Clinical Outcomes at Fortis Healthcare

Clinical Outcomes are the globally agreed upon, evidence-based measurable changes in health or quality of life resulting from patient care. Reporting of outcomes and their continuous monitoring provides an opportunity for both assessing and improving the quality of patient health and care.

Fortis Healthcare Limited, one of the largest integrated, healthcare service provider in the country is the first hospital network to implement and monitor clinical outcomes in India. This initiative further strengthens our commitment to PATIENT CENTRICITY by striving towards continuous clinical excellence through improvement and enhancement of our clinical care services. Further, the introduction of Patient-Reported Outcomes Measurement [PROM] lends the voice of the patient to the entire process and helps enhance patient engagement and experience.

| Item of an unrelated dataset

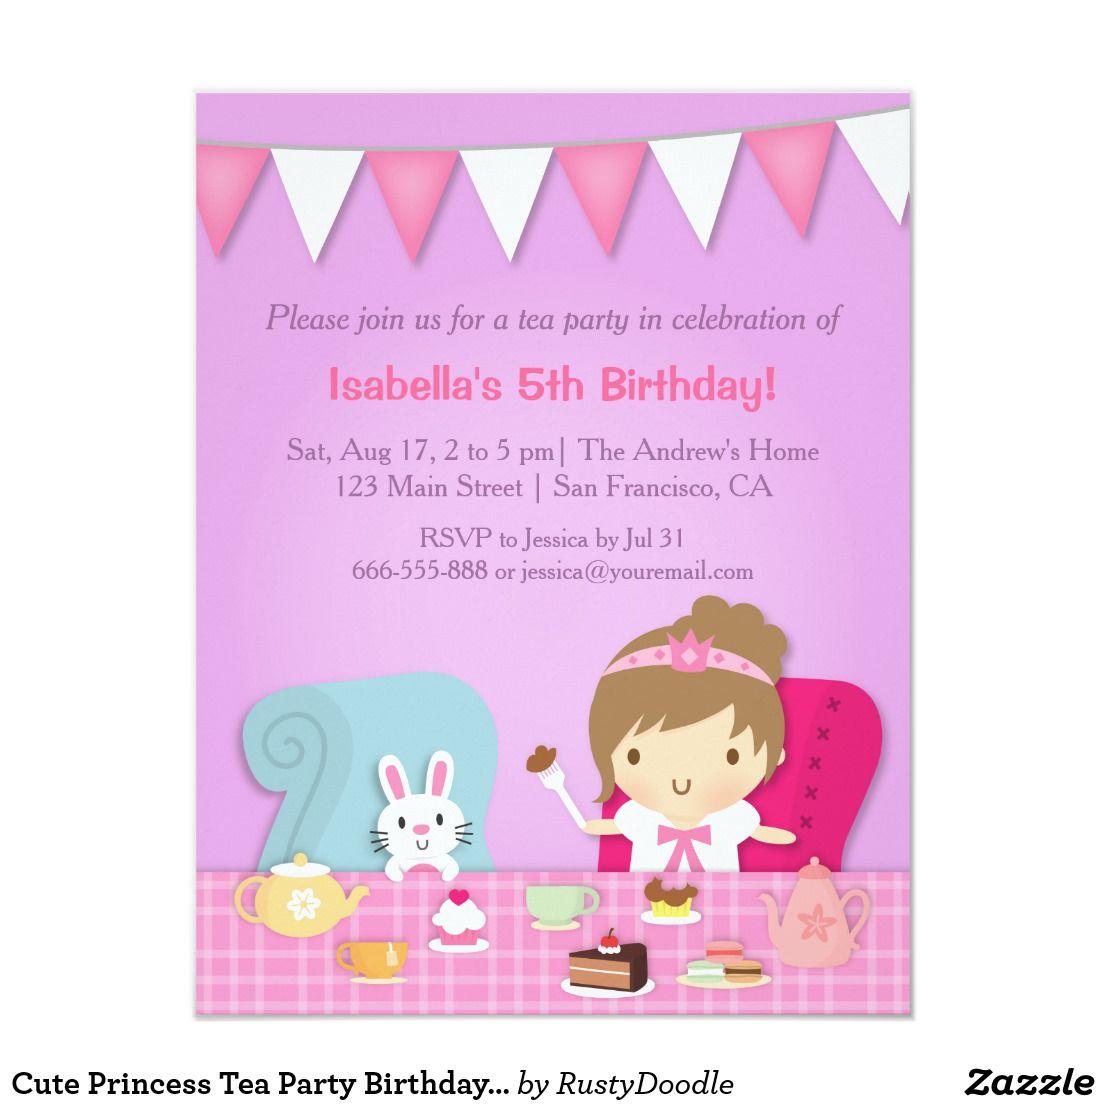 Cute Princess Tea Party Birthday Invitations Invite your party ...

Constant evaluation of our clinical outcomes against best available global standards motivates our medical workforce to continuously improve all aspects of our practice.

Fortis clinical outcomes are based on measurement of disease course and progression, quality of clinical care being provided, the success of the procedures/interventions carried out, and actual benefit perceived by the patient.

Details of individual procedure outcomes as measured using internationally accepted parameters and criteria, and further validated by our clinical experts, are published here and showcase our commitment to transparency in healthcare. Fortis is the FIRST to embark on the journey of publishing clinical outcomes data in the public realm.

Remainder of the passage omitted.